» **ACTION ITEM**: The lines below must be transcribed exactly as given, with the images removed.
SOURCE DATA below:
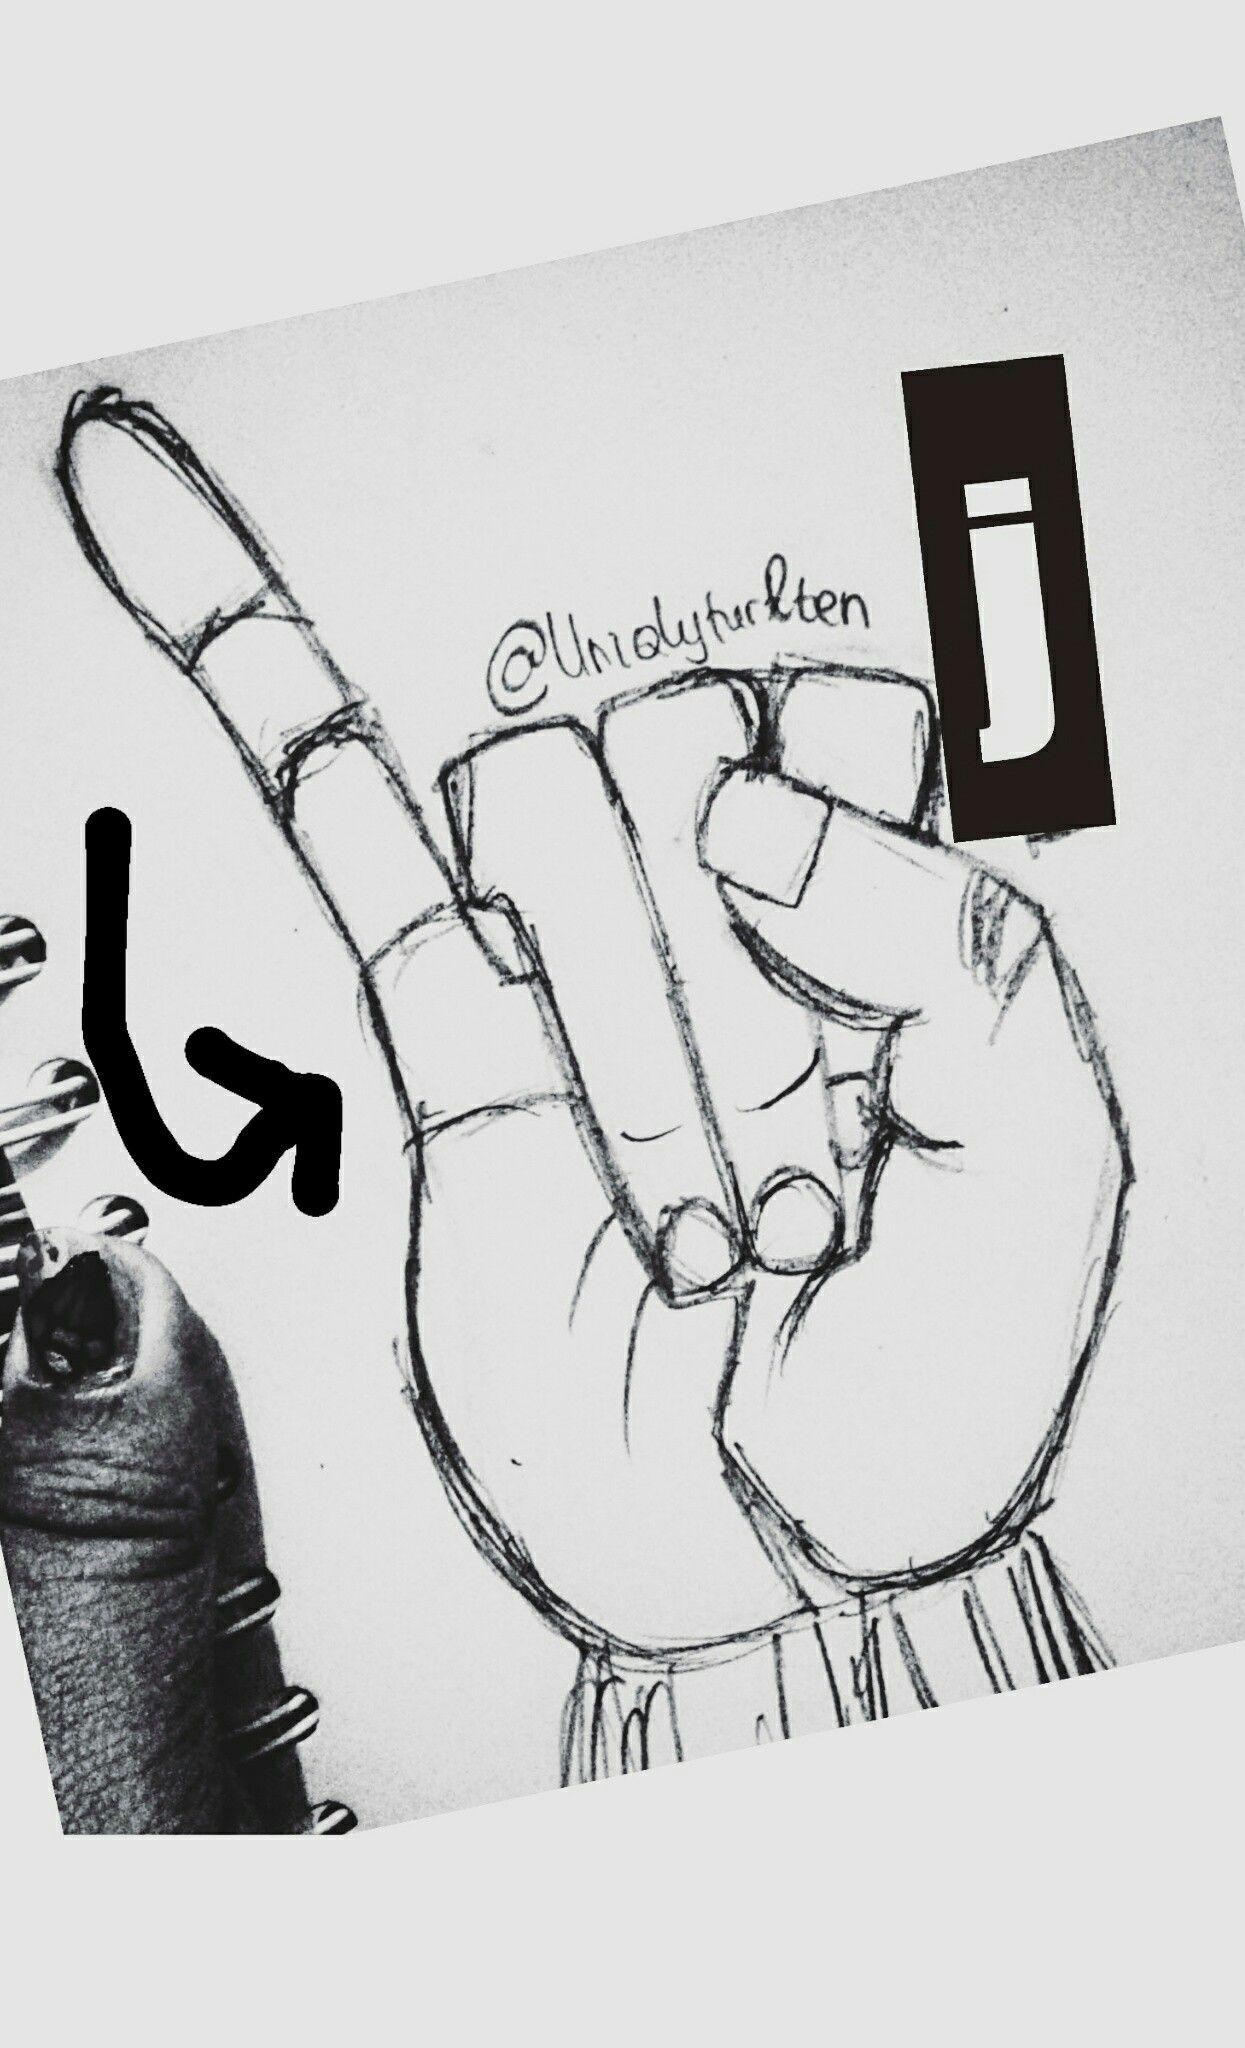 j of sign language asl signlanguage j alphabet
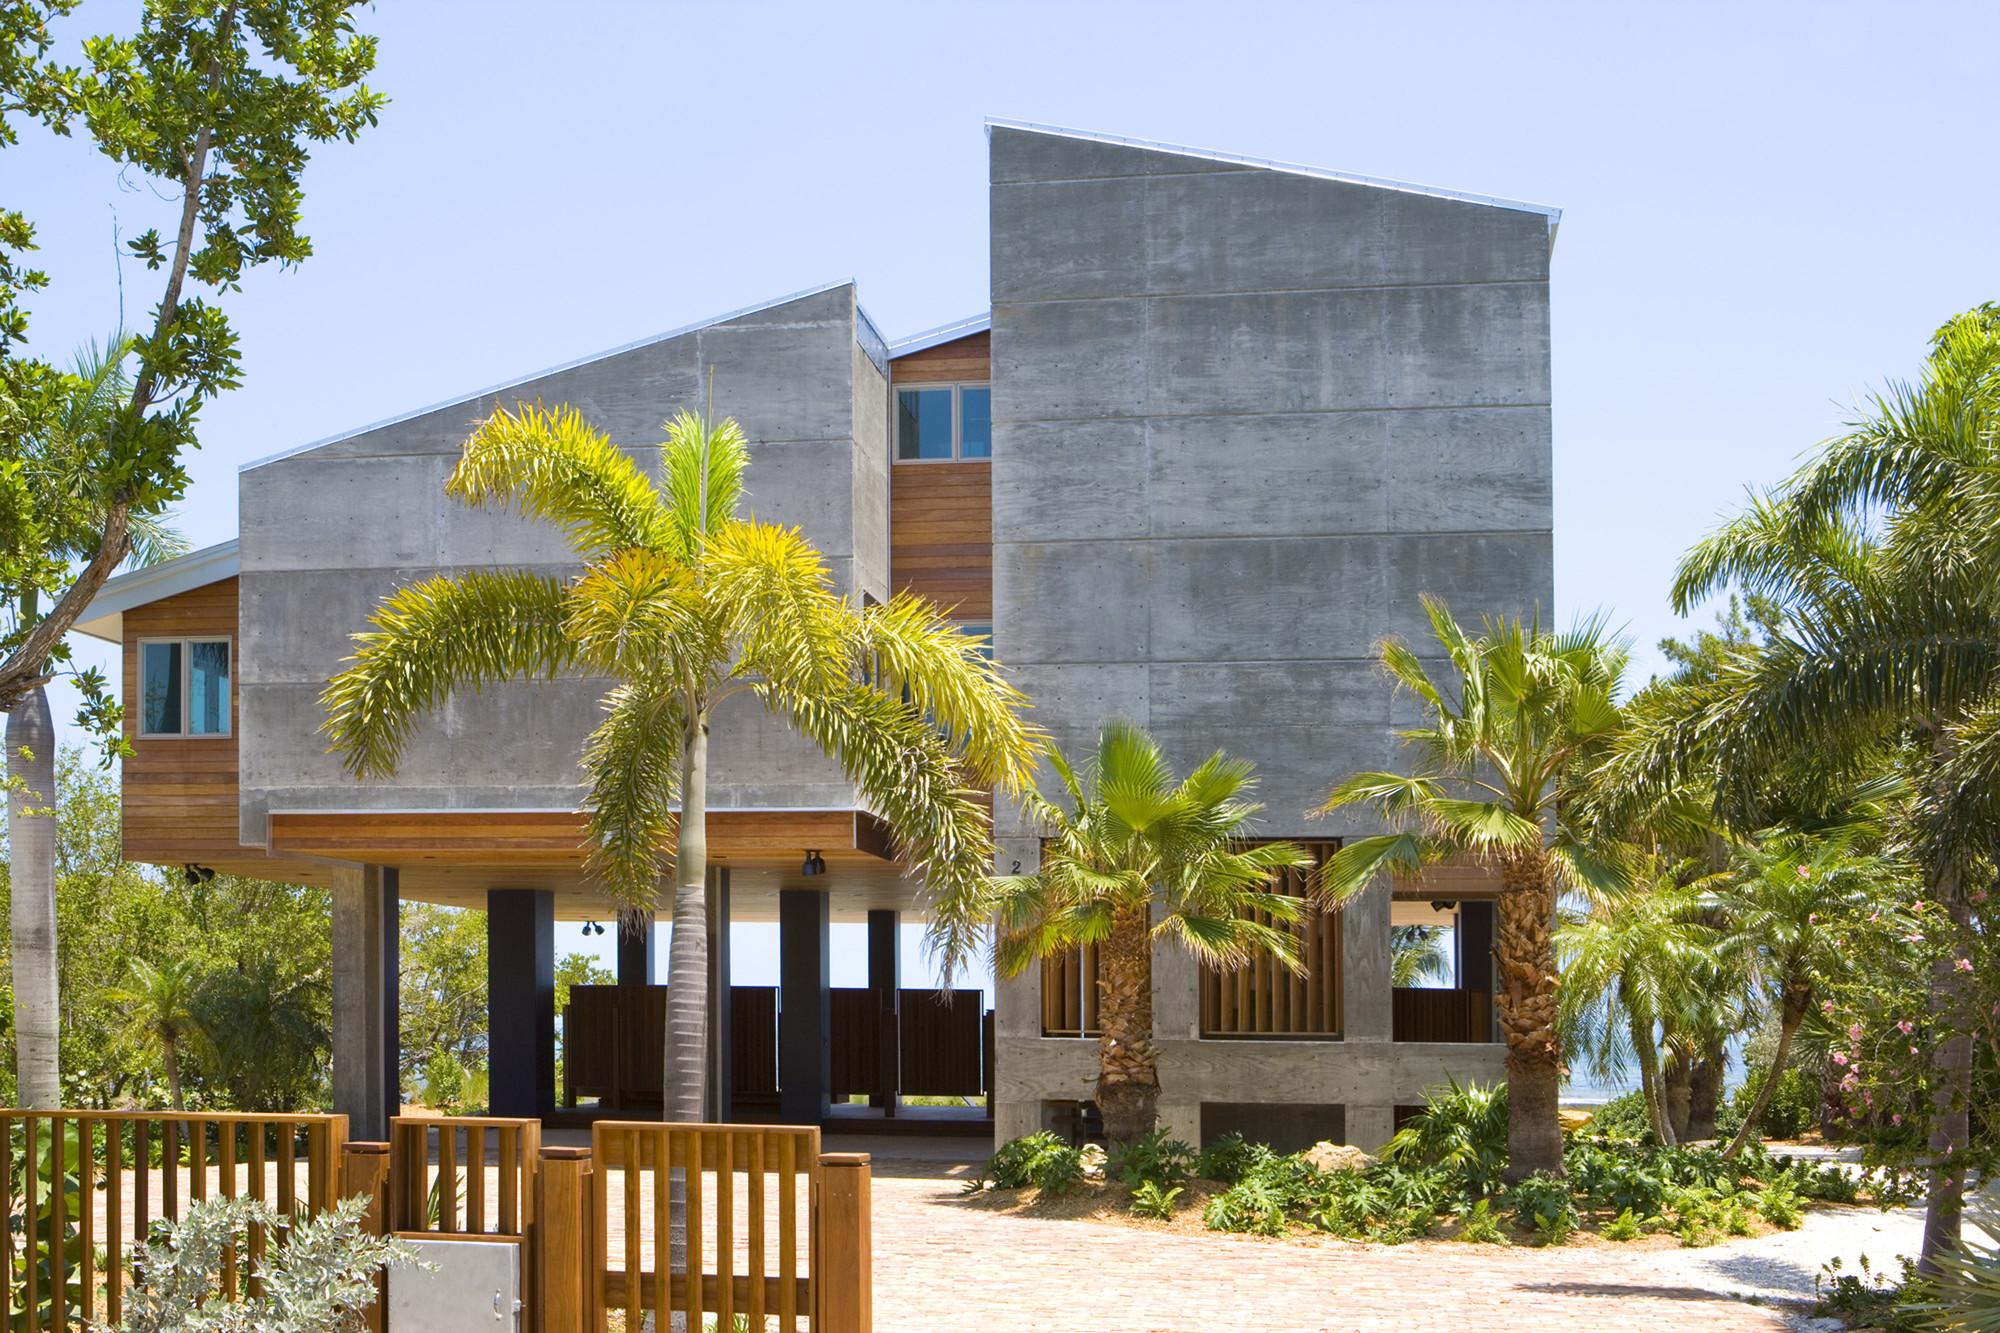 Tavernier Drive Residence / Luis Pons Design Lab, © Stephan Goettlicher
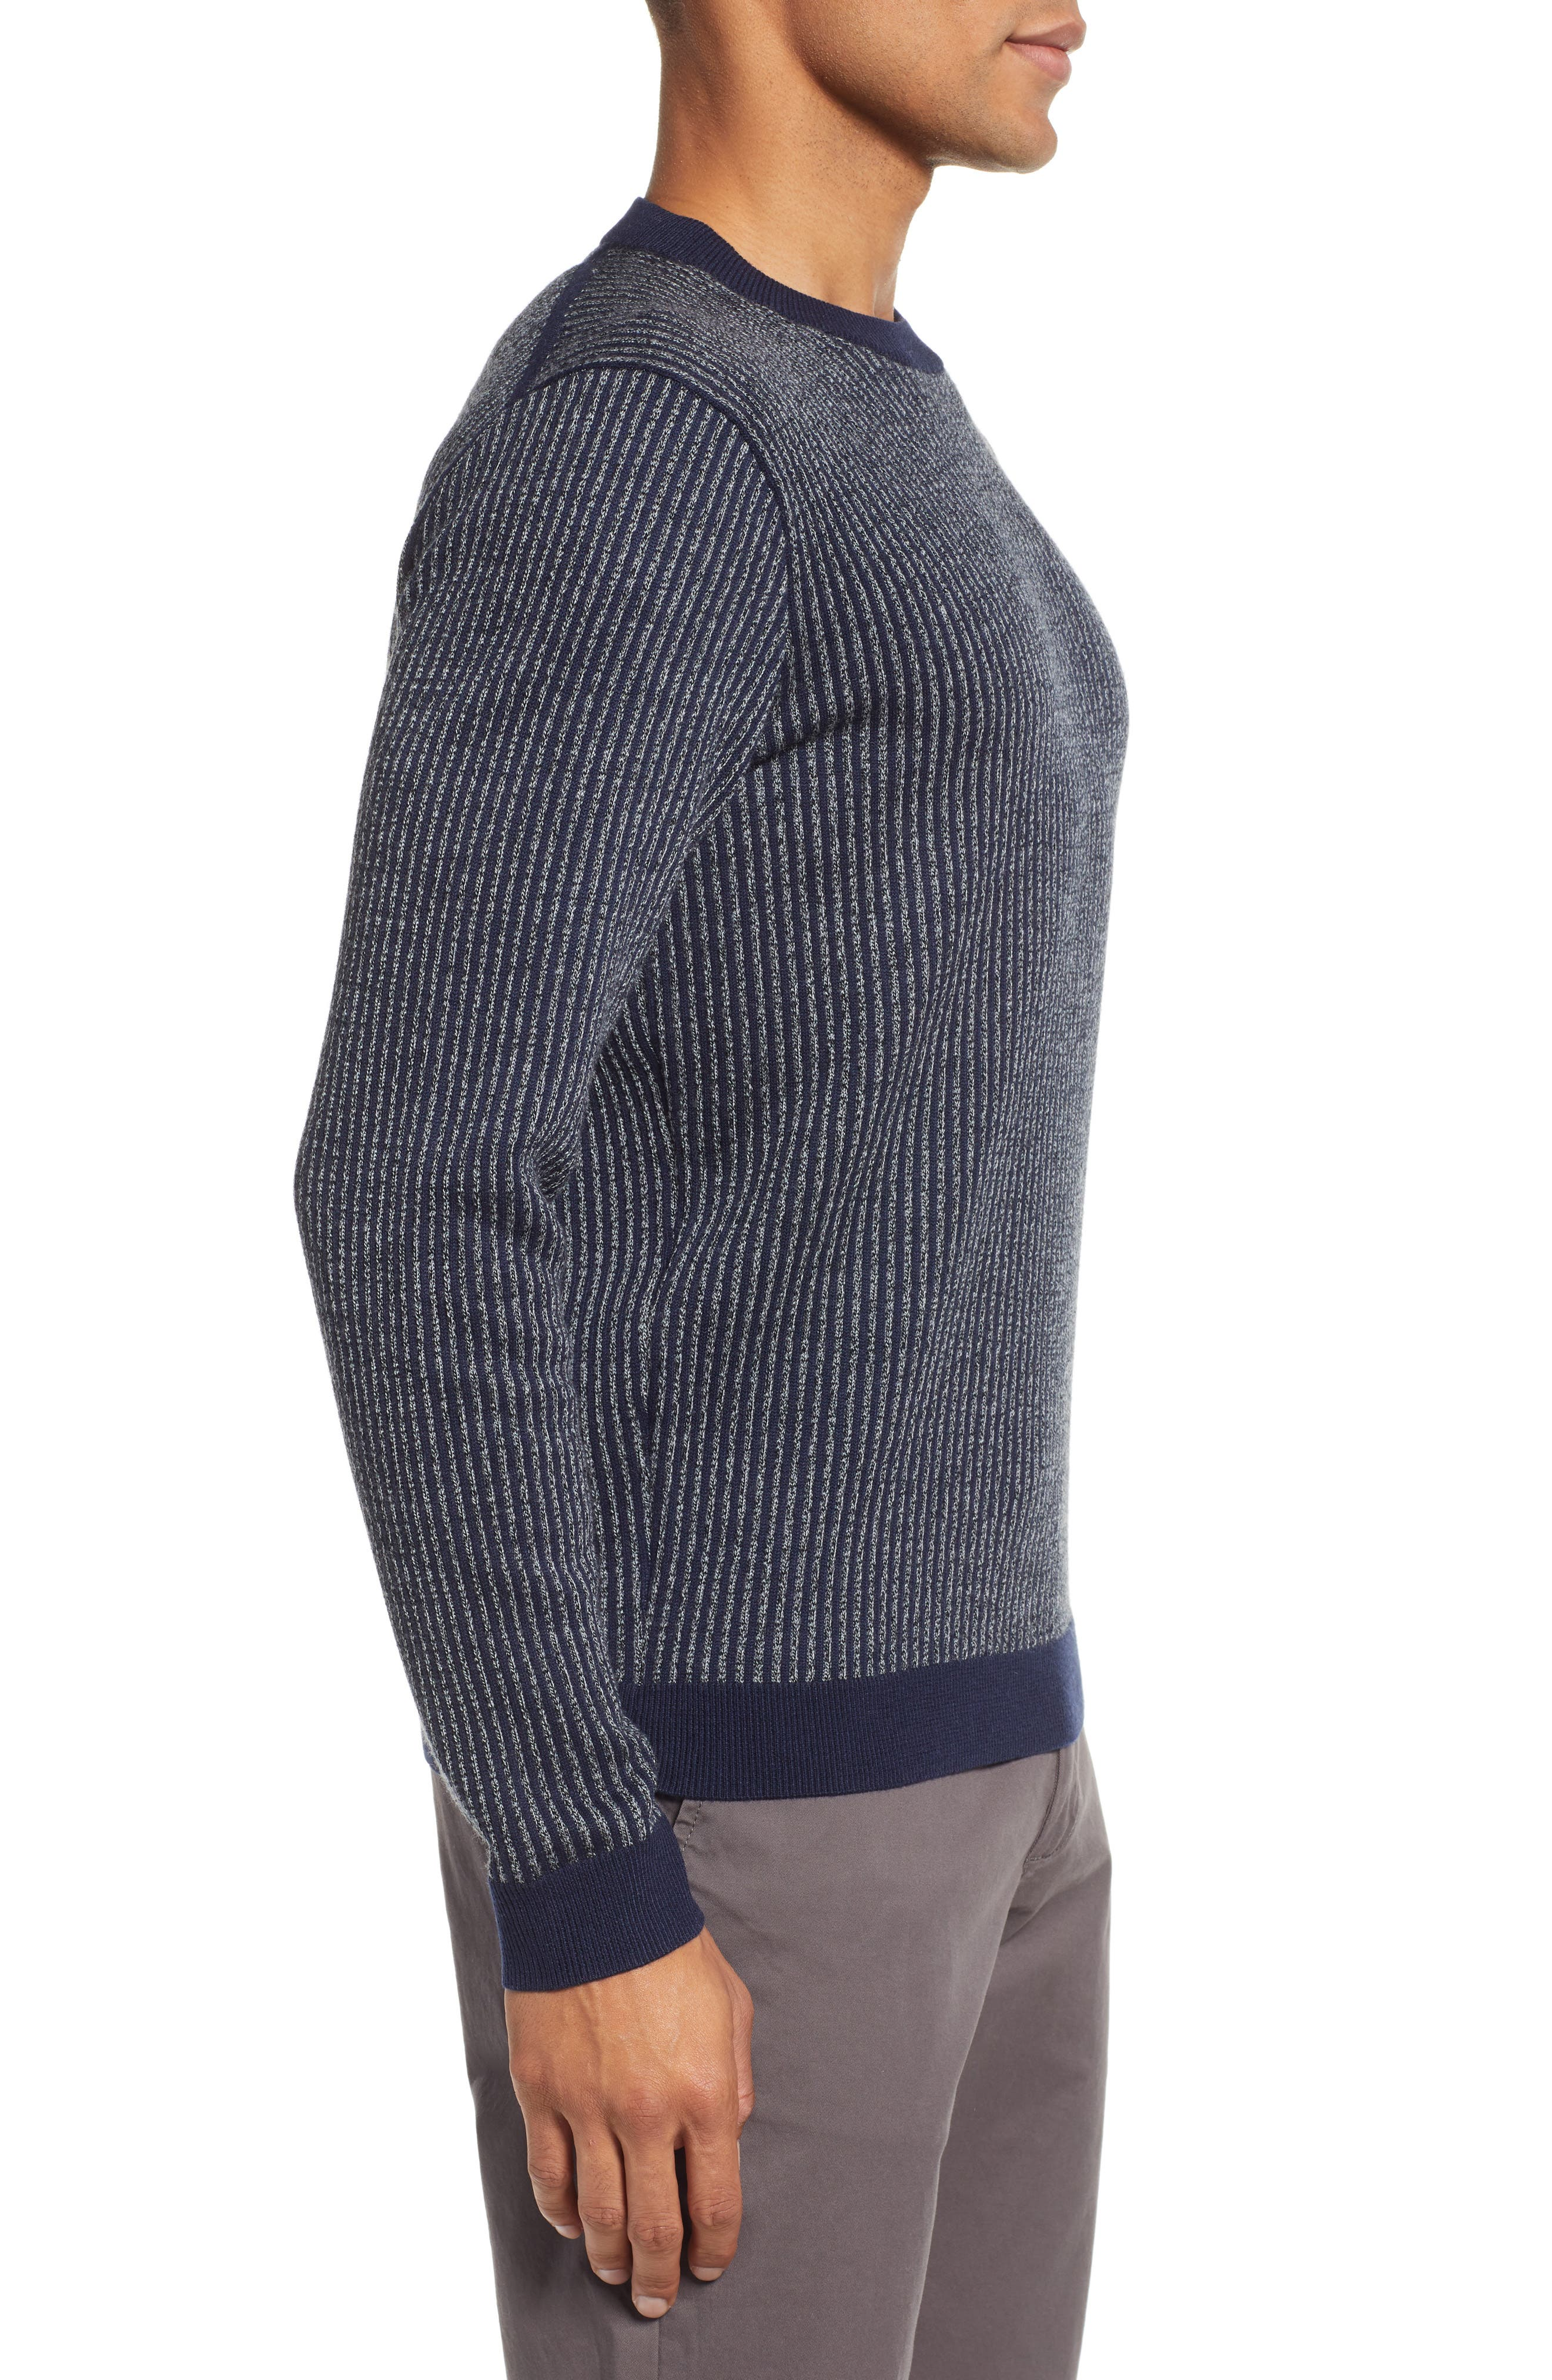 Jinxitt Crewneck Sweater,                             Alternate thumbnail 3, color,                             NAVY
End of SOURCE DATA.
» **EXERCISE OUTPUT**:
 j of sign language asl signlanguage j alphabet
 Tavernier Drive Residence / Luis Pons Design Lab, © Stephan Goettlicher
 Jinxitt Crewneck Sweater,                             Alternate thumbnail 3, color,                             NAVY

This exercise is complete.